Like the big cats on the Netflix sensation Tiger King, refinances are roaring — while mortgage rates slink back near their lowest levels in history.
As homeowners grab low rates by the tail to cut their monthly house payments, mortgage refinances have rebounded, a trade group says.
For every $100,000 borrowed through a 30-year mortgage in 2020, you pay about $60 a month less than you would with a loan that was taken out early in 2019 when rates were higher, LendingTree chief economist Tendayi Kapfidze said recently.
Homeowners are hot to refinance
Overall mortgage applications rose 15.3% in the week ending March 27, the Mortgage Bankers Association said Wednesday.
The increase was led by a big comeback in demand for refinance loans, as homeowners seized on opportunities to refinance and save. Refi applications surged 26% last week, after tumbling 34% a week earlier.
"Mortgage rates and applications continue to experience significant volatility from the economic and financial market uncertainty caused by the coronavirus crisis," says Joel Kan, the associate vice president of forecasting for the Mortgage Bankers Association, in a news release.
Last week's refinance requests to lenders were up 168% from a year earlier — which means the volume of applications was more than two and a half times heavier than during the same week in 2019.
Meanwhile, applications for so-called purchase loans — to buy homes — sank 10% last week.
"The bleaker economic outlook, along with the first wave of realized job losses reported in last week's unemployment claims numbers, likely caused potential homebuyers to pull back," Kan says.
Refinances accounted for a hefty 75.9% of all mortgage activity last week, compared to 69.3% the week before.
Lower rates spark the latest refi rush
As Americans come to grips with coronavirus business closures and layoffs, U.S. homeowners are realizing that falling mortgage rates can allow them to shrink their monthly budgets by refinancing.
Average rates on 30-year fixed-rate mortgages recently hit a record low of 3.29% in the nearly 50-year-old weekly survey from mortgage giant Freddie Mac.
Rates bounced higher for a couple of weeks in mid-March, then dropped to an average 3.50% last week. Freddie Mac releases a fresh mortgage rates update on Thursday.
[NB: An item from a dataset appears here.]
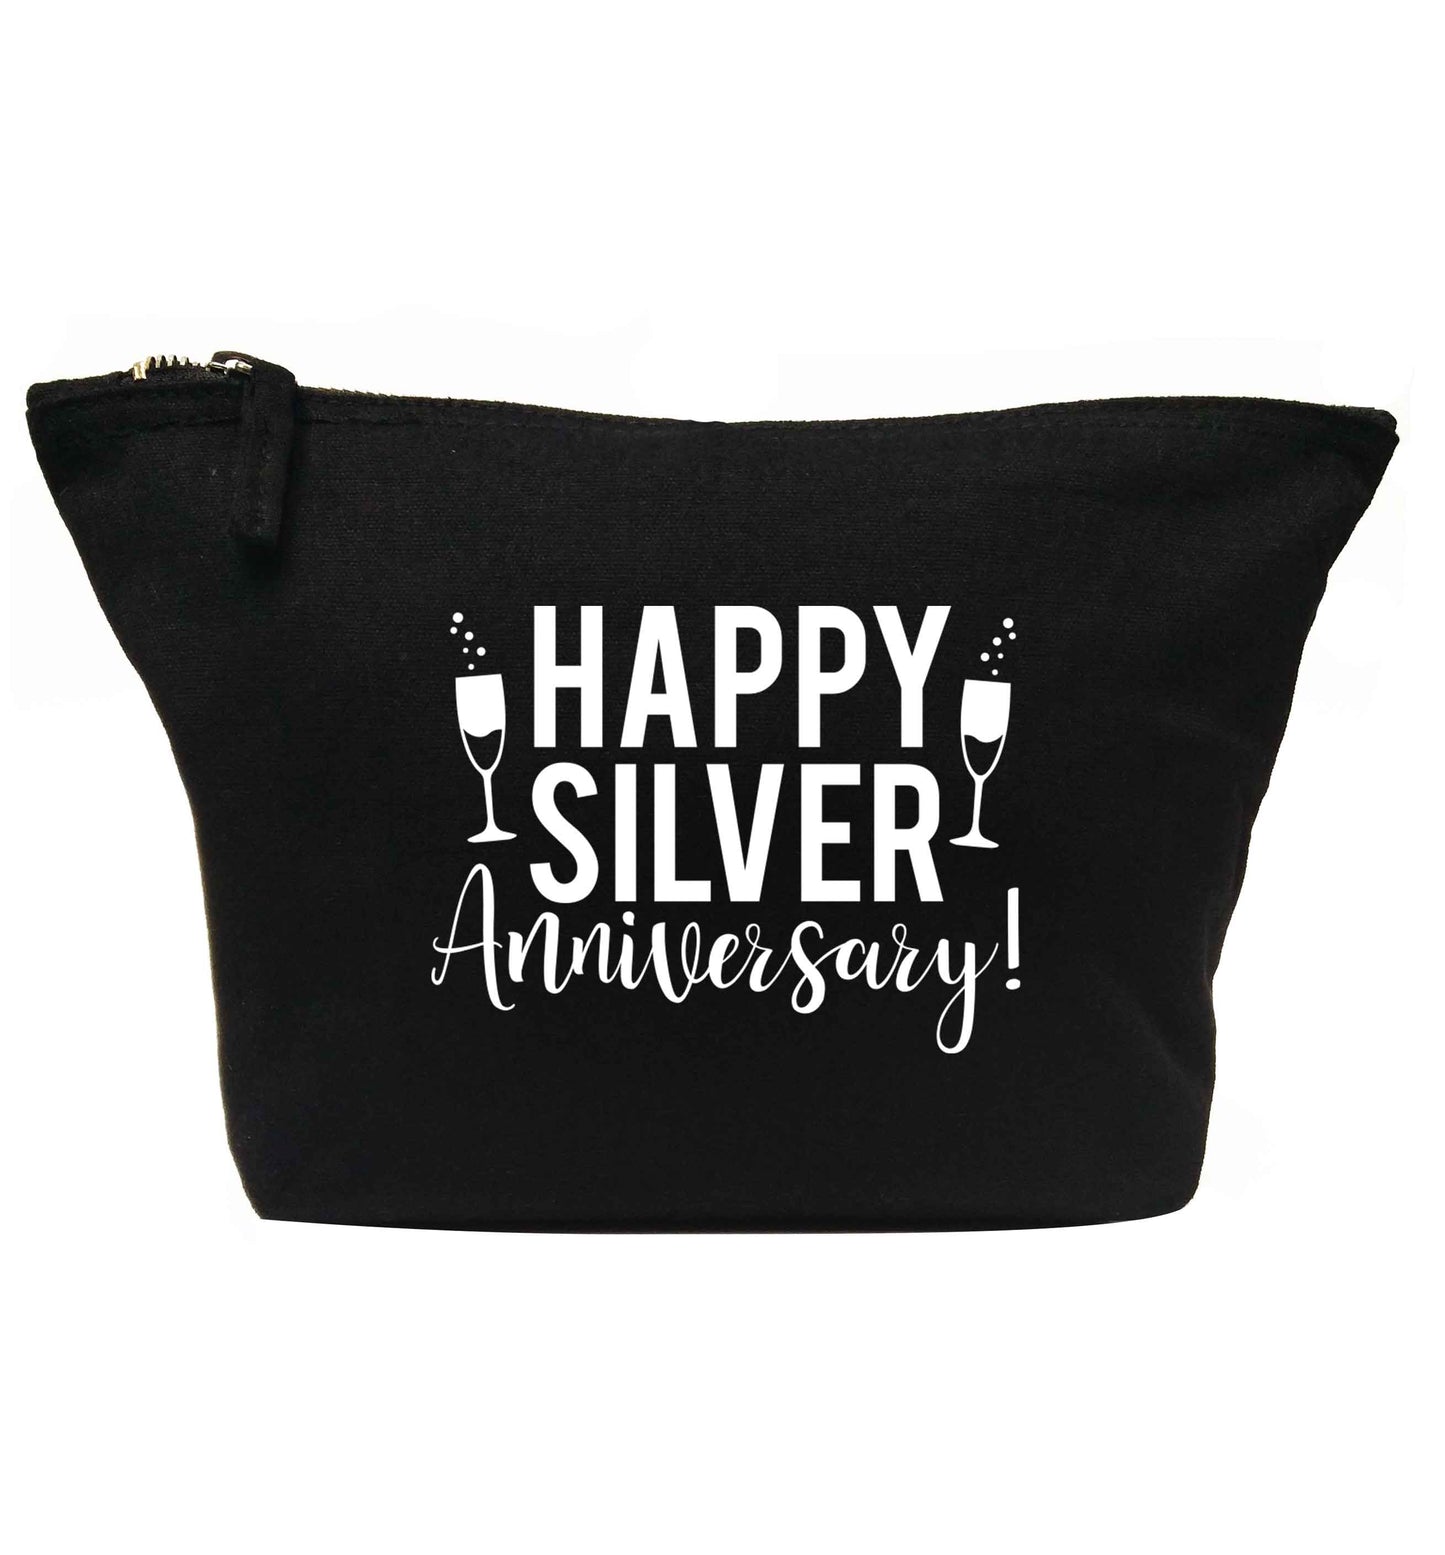 Happy silver anniversary! | Makeup / wash bag

The Mortgage Bankers Association does its own survey, and Kan says it shows rates have gone back to all-time lows following two weeks of "sizable increases."
Experts say steps taken by the Federal Reserve helped bring the return to lower mortgage rates.
As part of its multipronged economic defense against the coronavirus and its COVID-19 disease, the central bank cut a key short-term interest rate to near zero and indicated it would buy up Treasury bonds and mortgage-backed securities in unlimited quantities.
Freddie Mac's chief economist, Sam Khater, says the federal government's $2 trillion coronavirus relief package also should "provide substantial support to the mortgage markets" as it stimulates the economy.
The measure signed Friday by President Donald Trump includes up to $350 billion in forgivable loans for small businesses, a $500 billion fund to help larger companies and whole industries, up to $1,200 in cash payments for most Americans, and a giant expansion of unemployment benefits.